After writing twice about the deliberate decision by the Barack Obama campaign to avoid validation checks on credit-card contributions, I’ve heard from a number of people in the credit-card industry on how this works. Two explanations in particular explain the depth of deliberation and deception involved in disregarding address and security-code verification. The first explains that Team Obama probably didn’t just opt out of using these verification processes, but more likely rewrote the code on their site to bypass them, emphases mine:
I have over 30 years of experience in investigating Credit Card Fraud and I can tell you, which you may or may not know, that the merchant acquirer that is conducting the collection of credit / debit card for the Obama campaign are responsible for the actions to be taken regarding the Address Verification System responses. The value of the AVS system is that the issuer of the card being used provides back to the merchant acquirer a response based upon the information provided during the authorization process. This response indicates to the merchant acquirer if the card information was validated as to ownership of the account. It is the merchant acquirer that determines what to do when the authorization response is received. In most cases the transaction that comes back with any negative meaning is denied. However, if the merchant acquirer has adjusted their system to accept any response as acceptable the transaction would be completed.

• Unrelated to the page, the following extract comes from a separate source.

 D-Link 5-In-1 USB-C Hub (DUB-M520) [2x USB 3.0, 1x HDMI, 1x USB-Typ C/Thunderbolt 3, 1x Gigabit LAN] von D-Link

The value of the AVS system is to deny Card Not Present transactions (CNP) which are suspicious. This protects the merchant against charge backs for bad transactions. What is interesting to me is that the merchant acquirer has knowingly violated a basic CNP fraud prevention technique to accommodate a merchant (Obama Campaign). I think that both the Associations (VISA & MasterCard) would be highly interested in looking at the merchant acquirer that was processing these transactions. The value of ignoring the AVS responses is that multiple invalid transactions may be made without fear of being rejected by the authorization systems. This means that the real owner of the credit card account is willing to allow multiple transactions to be made on the account using different names and addresses that under normal conditions would be denied. The merchant acquirer has a complete listing of all transactions done and it would be very interesting to see how many transactions were conducted on the same account number using different names. I would think that this would be a Federal violation under the current campaign funding laws.

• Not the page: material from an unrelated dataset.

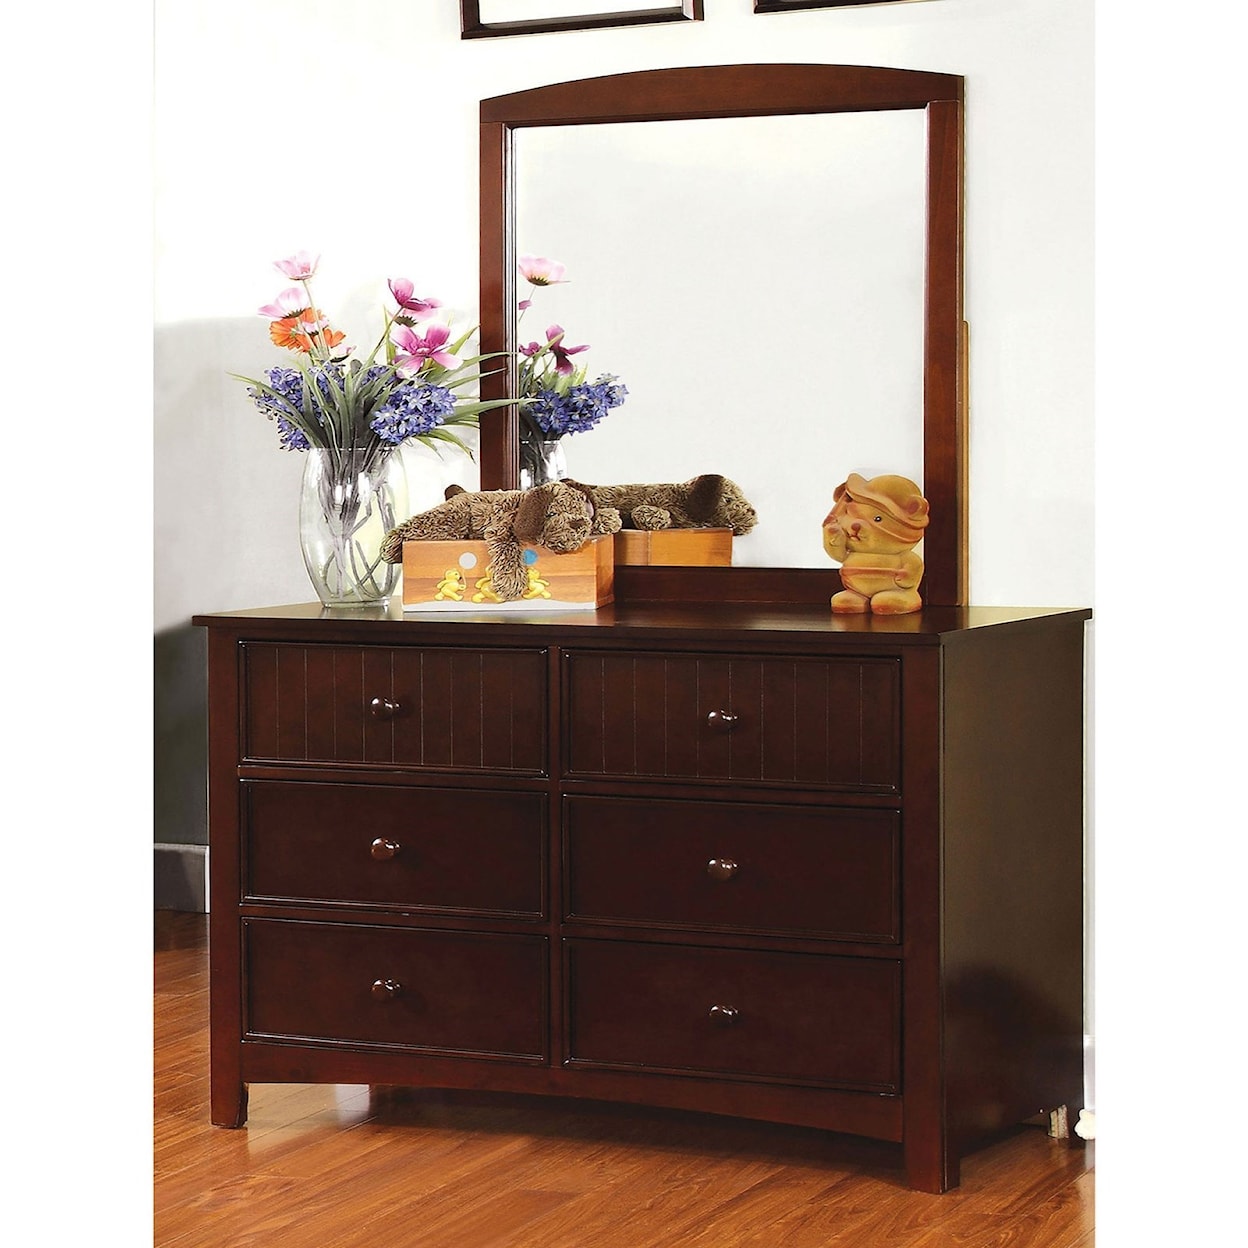 Furniture of America Omnus Dresser

Another fraud-prevention veteran notes that Team Obama has at the least provided a testing ground for thieves looking to validate responses:
You may have mentioned this elsewhere, but disabling the security allows would be credit card thieves to “ping” numbers till they get a hit. The number of “pings” should have raised flags at Visa and MasterCard, don’t you think?
I wonder if they warned the Obama campaign, or worse, ignored it.
In other words, a crook could simply type in random numbers until he found one sequence that worked in some fashion. That could give a thief a starting point for committing credit-card fraud. If all they had to do was type nonsense values for names and addresses, such as Doodad Pro, they could quickly determine which numbers were valid — and they could probably program bots to do that kind of work.
Thanks to Team Obama, millions of people now have to wonder whether they’ve been victimized by credit thieves. Some of us wonder if the thieves aren’t really working at Team Obama in the first place.